Wednesday, July 9, 2025

JANE STANTON HITCHCOCK: R.I.P.

 
Sad news. Jane Stanton Hitchcock: R.I.P. I really liked her mysteries. So clever. 

Jane Stanton Hitchcock, "a daughter of privilege who skewered the foibles of her tribe in a series of addictive crime novels, and who then uncovered a real-life crime when her mother was swindled by her accountant, died on June 23 at her home in Washington, D.C. She was 78."

From the NYT

“Murder concentrates the mind,” she told The New York Times in 2002.

Her first novel, “Trick of the Eye” (1992), involved a trompe l’oeil artist named Faith Crowell and the unsolved murder of a long-dead Long Island debutante. Bruce Allen, assessing the novel in The New York Times Book Review, said that Ms. Hitchcock “knows how to write crackling dialogue that expresses character while steadily, stealthily advancing the plot.”

“Even if you guess the ending,” he wrote, “you will enjoy Faith Crowell’s compulsive fascination with ‘the fashion of making things appear to be what they are not.’”

In an interview, Jonathan Burnham, Ms. Hitchcock’s longtime book editor, said: “Nobody of her background wrote about their world the way she did — that New York high society world that has virtually disappeared. She managed to send it up in elegant satire. It slipped down very easily.”

From IACW North America:

It is with great sadness that we report the passing of Jane Stanton Hitchcock, multiple Hammett nominee. Her novel Trick of the Eye was one of the 1992 finalists for the Hammett award along with Donald Westlake, Walter Mosley, Alice Hoffman, and Daniel Woodrell.
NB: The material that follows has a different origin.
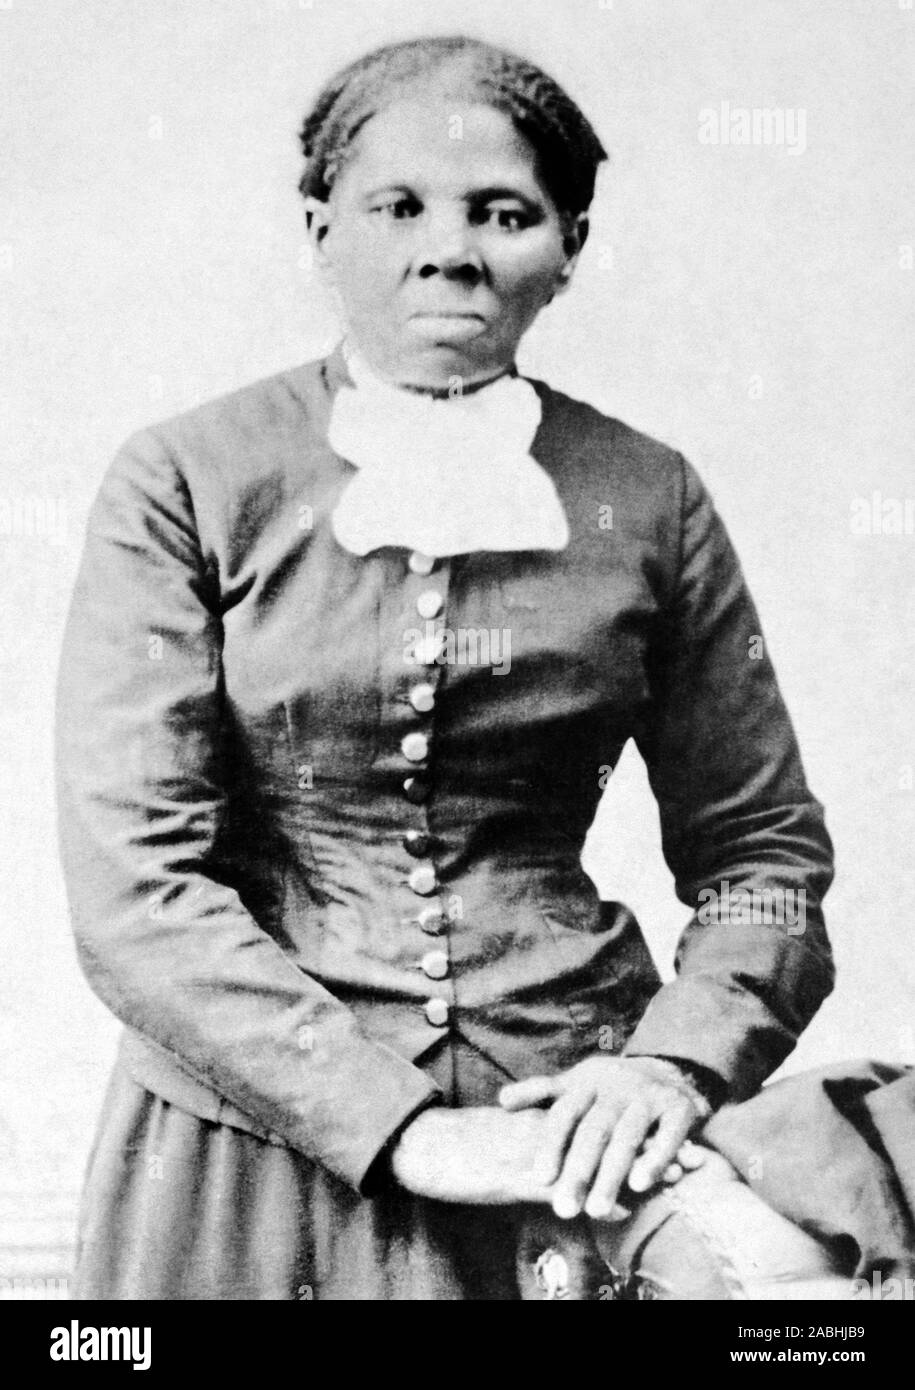 Vintage portrait photo of Harriet Tubman (c1820 – 1913). Born into slavery, Tubman (birth name Araminta Ross) escaped and later guided other slaves to freedom via the Underground Railroad before working as a nurse, spy and scout for the Union Army during the American Civil War. In later life she engaged in humanitarian work and promoted the cause of women’s suffrage. Photo circa 1875 by Harvey B Lindsley. Stock Photo

In 2019, however, she won the award outright for her novel Bluff, which drew on her personal expertise as a professional level poker player. Humorous crime novels are quite rare and even rarer are those that hold up years later. Seek out a copy of Bluff if you have not read it and read it again to learn something about writing.Her entertaining satire of the upper classes drew on her personal knowledge as the adoptive daughter of a major tycoon and a popular actress. Jane herself was a delightful person, witty, intelligent, and, of course, sophisticated.

Linda Fairstein who informed us of Jane’s passing, mentioned “Jane, who was one of my best friends for 40 years, was immensely proud of the honor of being awarded the Hammett.” Her obituary in the New York Times even mentioned her pride in this achievement. She gave the impression to me that she didn’t quite understand just how talented she was."